Using Regex to find words with characters that are the same or that are different

Question

I have a list of words such as:

l = """abca
bcab
aaba
cccc
cbac
babb
"""

I want to find the words that have the same first and last character, and that the two middle characters are different from the first/last character.

The desired final result:

['abca', 'bcab', 'cbac']

I tried this:

re.findall('^(.)..\\1$', l, re.MULTILINE)

But it returns all of the unwanted words as well. I thought of using [^...] somehow, but I couldn't figure it out. There's a way of doing this with sets (to filter the results from the search above), but I'm looking for a regex.

Is it possible?

Answer 1

There are lots of ways to do this. Here's probably the simplest:

re.findall(r'''
           \b          #The beginning of a word (a word boundary)
           ([a-z])     #One letter
           (?!\w*\1\B) #The rest of this word may not contain the starting letter except at the end of the word
           [a-z]*      #Any number of other letters
           \1          #The starting letter we captured in step 2
           \b          #The end of the word (another word boundary)
           ''', l, re.IGNORECASE | re.VERBOSE)

If you want, you can loosen the requirements a bit by replacing [a-z] with \w.

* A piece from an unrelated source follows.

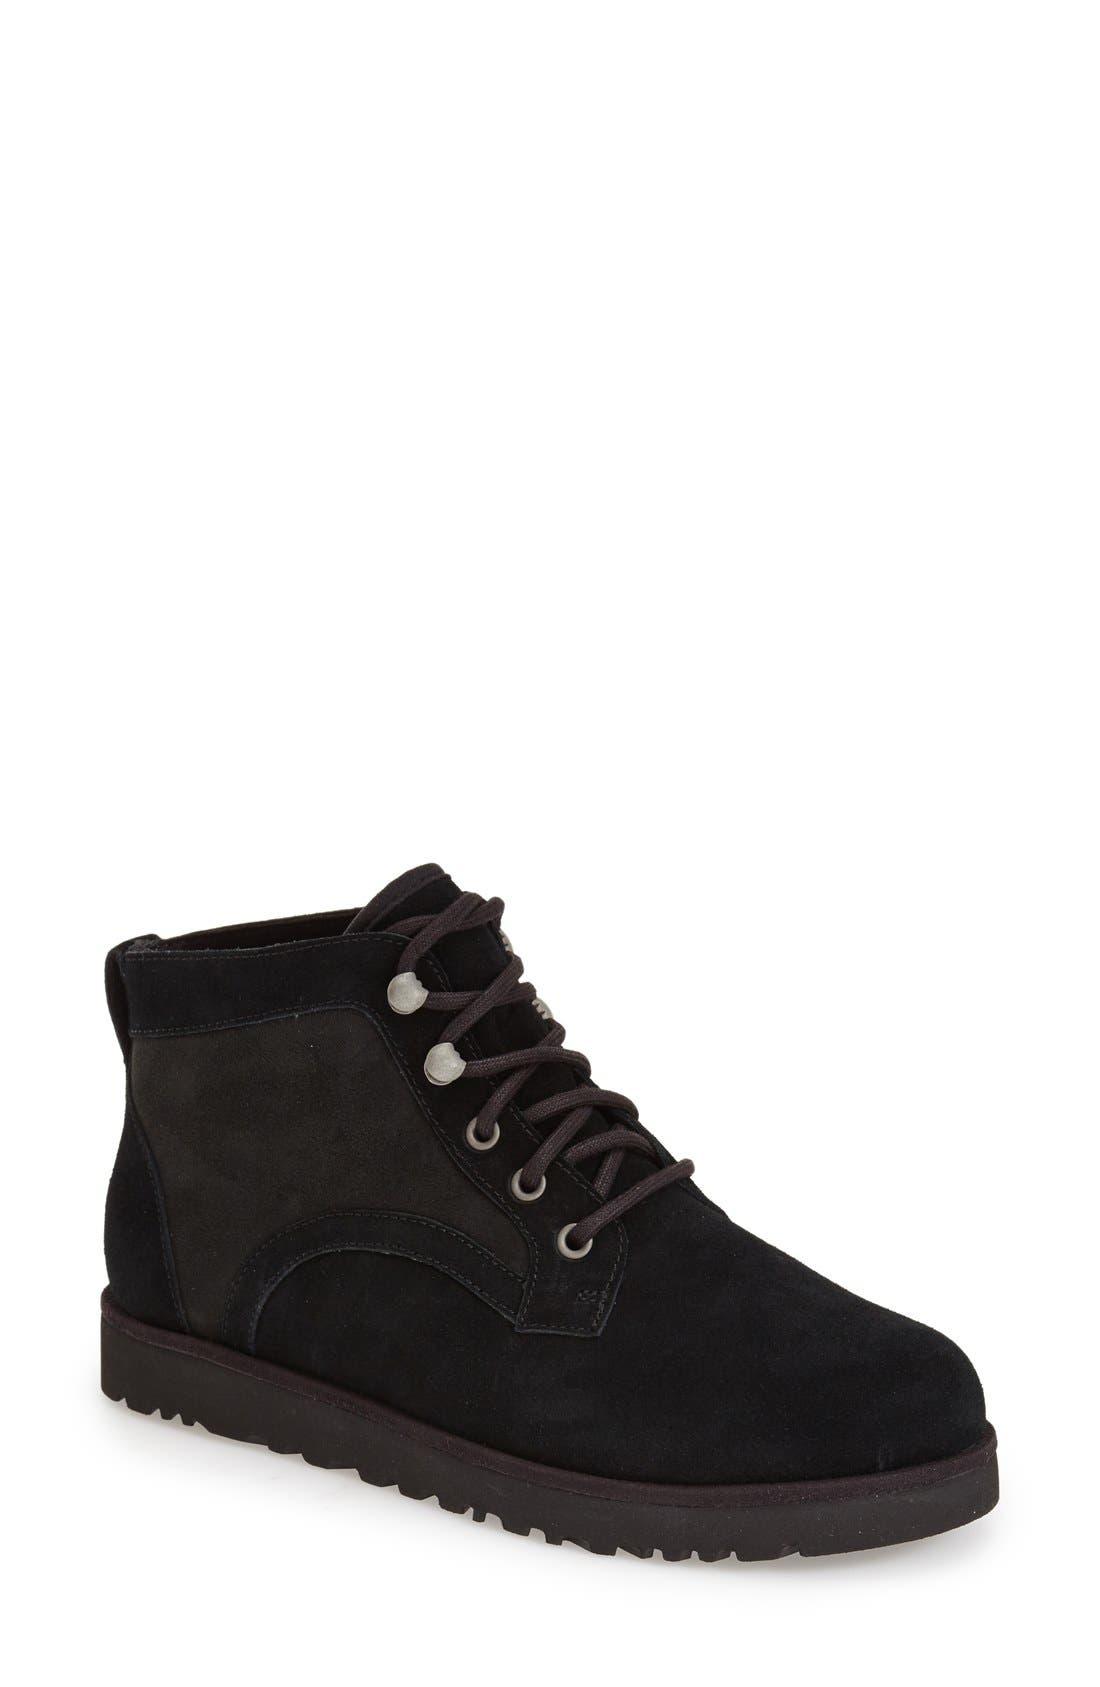 Main Image - UGG® Bethany - Classic Slim™ Water Resistant Chukka Boot (Women)

That will allow numbers and underscores as well as letters. You can also restrict it to 4-character words by changing the last * in the pattern to {2}.

Note also that I'm not very familiar with Python, so I'm assuming your usage of findall is correct.

Answer 2

Edit: fixed to use negative lookahead assertions instead of negative lookbehind assertions. Read comments for @AlanMoore and @bukzor explanations.

>>> [s for s in l.splitlines() if re.search(r'^(.)(?!\1).(?!\1).\1$', s)]
['abca', 'bcab', 'cbac']

The solution uses negative lookahead assertions which means 'match the current position only if it isn't followed by a match for something else.' Now, take a look at the lookahead assertion - (?!\1). All this means is 'match the current character only if it isn't followed by the first character.'

Answer 3

To heck with regexes.

[
    word
    for word in words.split('\n')
    if word[0] == word[-1]
    and word[0] not in word[1:-1]
]

Answer 4

Are you required to use regexes? This is a much more pythonic way to do the same thing:

l = """abca
bcab
aaba
cccc
cbac
babb
"""

for word in l.split():
  if word[-1] == word[0] and word[0] not in word[1:-1]:
     print word

Answer 5

Here's how I would do it:

result = re.findall(r"\b([a-z])(?:(?!\1)[a-z]){2}\1\b", subject)

This is similar to Justin's answer, except where that one does a one-time lookahead, this one checks each letter as it's consumed.

\b
([a-z])  # Capture the first letter.
(?:
  (?!\1)   # Unless it's the same as the first letter...
  [a-z]    # ...consume another letter.
){2}
\1
\b

I don't know what your real data looks like, so chose [a-z] arbitrarily because it works with your sample data. I limited the length to four characters for the same reason. As with Justin's answer, you may want to change the {2} to *, + or some other quantifier.

Answer 6

You can do this with negative lookahead or lookbehind assertions; see http://docs.python.org/library/re.html for details.

Answer 7

Not a Python guru, but maybe this

re.findall('^(.)(?:(?!\1).)*\1$', l, re.MULTILINE)

expanded (use multi-line modifier):

^                # begin of line
  (.)            # capture grp 1, any char except newline
  (?:            # grouping
     (?!\1)         # Lookahead assertion, not what was in capture group 1 (backref to 1)
     .              # this is ok, grab any char except newline
  )*             # end grouping, do 0 or more times (could force length with {2} instead of *)
  \1             # backref to group 1, this character must be the same
$                # end of line